I feel the same way Ted,i go through periods of time
turning on my looping devices and concentrating on
my
playing or songwritting,ive done a couple of gigs
where in the first set i just played and sang with
my
acoustic guitar and during the second included
looping, as i asked a couple of people said they
liked
the first set better!The other time an older guy
came
up to me and said hey i liked your playing but some
of
it didnt seem real when u were playing to those
recordings;-)in the end people care less about all
of
this gizmos really!
i just discovered an acoustic guitarrist named Jon
Gomm and i was floored when i found out he doesnt
loop
because this guy is amazing,he does
melody,rythm,drums,solos and sings as if he was
looping but all done without it,this gave me an idea
to try using looping also as a practice tool to
analize and play simultaneous things without
looping...
Luis





> Hi there,
> > 
> > For the first time in several years now I DID NOT
> > get to go to the NAMM show. In one sense it was
> sort
> > of a relief not to have to go and fight the big
> > crowds, breathe the smog, endure the gawdawful
> > noise, big hair, the flash, the flesh and the
> > spandex of the thing. But I do miss meeting up
> with
> > many of my looper and other musical cohorts and
> > colleagues. And, I did miss out (it seems) on the
> > debut of some interesting new looping devices this
> > year -- at least one of which was from a major
> > manufacturer (Roland). Anyhoo, all of which has
> > caused me to muse a little, philosopically, on the
> > practice and possible future of looping.
> > 
> > There once was a time when any doofus with a
> guitar,
> > or a synth, or a kazoo for that matter, could
> cobble
> > together some sort of looping rig from an array of
> > tape loop machines, modified or homemade analog or
> > digital delays and set themselves up as
> "avant-garde
> > musicians" of some sort. It almost didn't matter
> if
> > the individual was particularly proficient on
> their
> > "input" instrument, the fact that they were using
> > echos and loops and processing what they were
> > playing in a still fairly unorthodox way (for the
> > time) was enough raison d'etre. It was exerimental
> > and at least it SEEMED like art at the time.
> > 
> > Now it appears like technology has caught up with
> > us. New devices are popping up all over. Most
> > popular music seems to be loop-based (even if
> still
> > assembled after-the-fact of an actual in-studio
> > performance). The loop concept is getting out
> there
> > in one form or another. One-man/woman-band
> > singer/songwriter types are starting to appear as
> > solo touring entities in clubs, bookstores and
> > coffee houses. Times are changing. The banner of
> > looping will soon likely no longer be carried,
> > practiced and promoted by an elite and funky cadre
> > of amature-to-semi-pro avant-gardists and musical
> > non-conformists. It's going to be carried by the
> > meat-and-potatoes weekend rock warriors, church
> > worship band musicians and neo-jambanders and
> hippie
> > vegan campfire song strummers. 
> > 
> > Personally, I've believed for a long time that
> just
> > being a "looper" was not reason enough for my
> > musical activites to persist and exist. Although
> > looping is still damn fun and a significant part
> of
> > "the thing that I do" I have made a conscious
> effort
> > to actually try to do less and less of it -- or at
> > least not make it the MAIN FEATURE of what I do.
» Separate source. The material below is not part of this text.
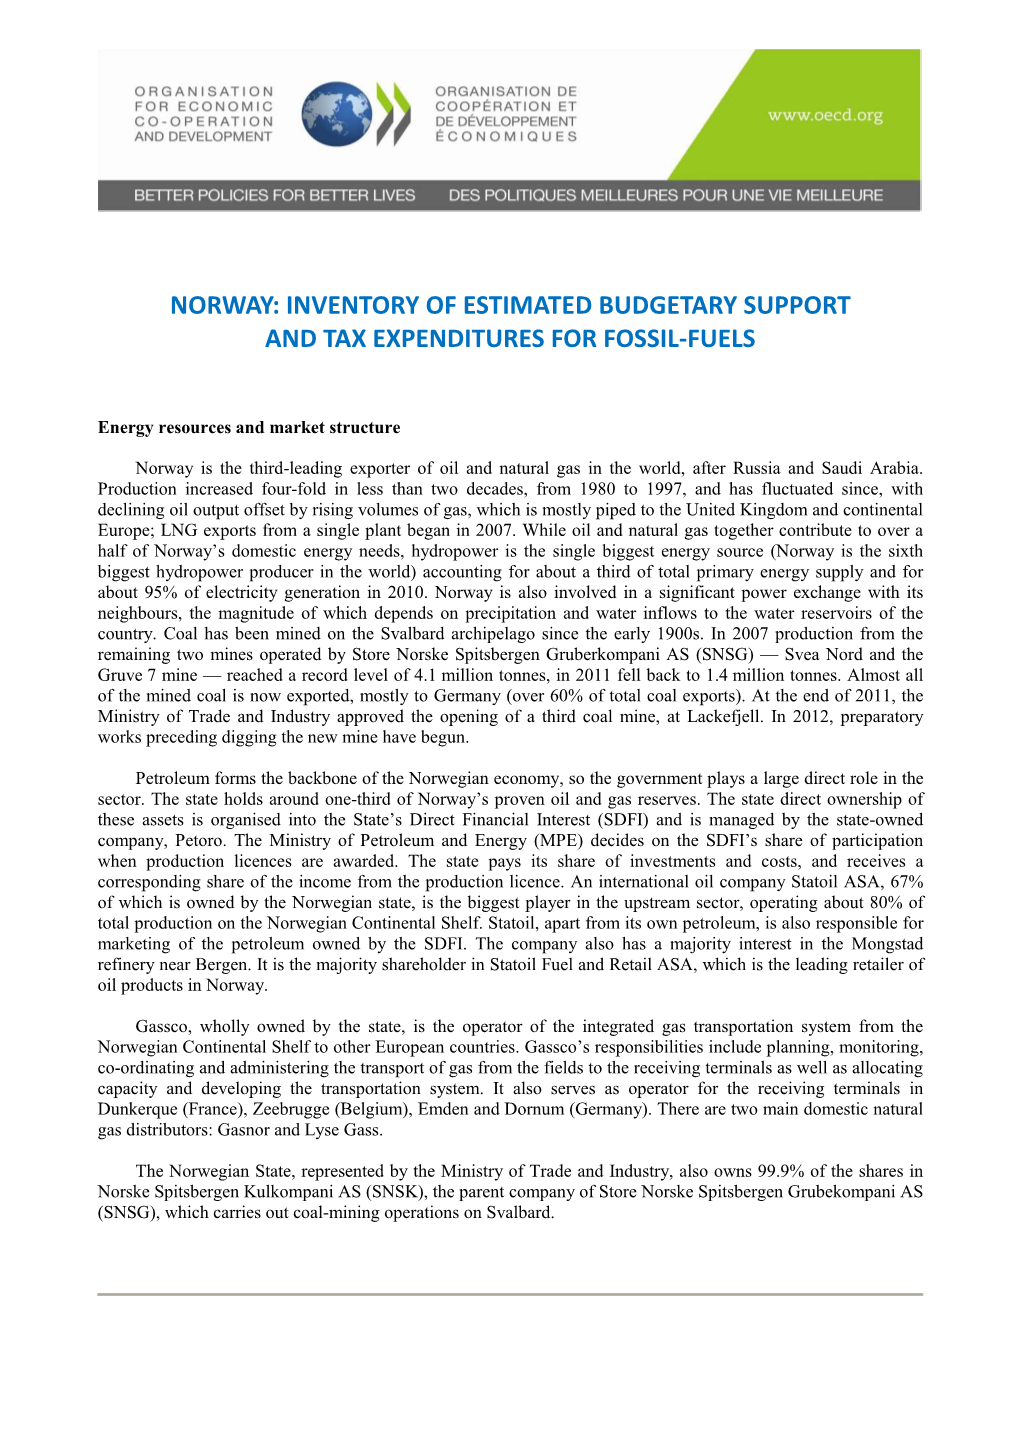 Norway: Inventory of Estimated Budgetary Support and Tax Expenditures for Fossil-Fuels

> > It's been a process that has taken me about 10
> years
> > to wean myself away from complete dependence on.
> It
> > was like going through some sort of withdrawal
> > process in many ways.
> > 
> > To those of you who've had "musical lives" long
> > before discovering looping this will seem a little
> > srange perhaps. But my experience was really not
> > that way. I had a long infantile period of being a
> > musician wannabe 'til I was able to start looping
> > myself in the late '70s and early '80s. The
> looping
> > helped me blossom and mature so-to-speak, and
> > enabled me to gain confidence as well. I had no
> real
> > musical life before I discovered the possibilites
> of
> > looping. I, essentially, was that "doofus" of
> > incomplete skill with a guitar I refered to
> earlier.
> > 
> > 
> > I was really sort of "masquerading" as a musician
> > through the back door of the avan-garde. I was
> lucky
> > early on and fell into a circle of artists and
> > musicians who were "the real deal" as far as I was
> > concerned. From them I learned . . and (hopefully)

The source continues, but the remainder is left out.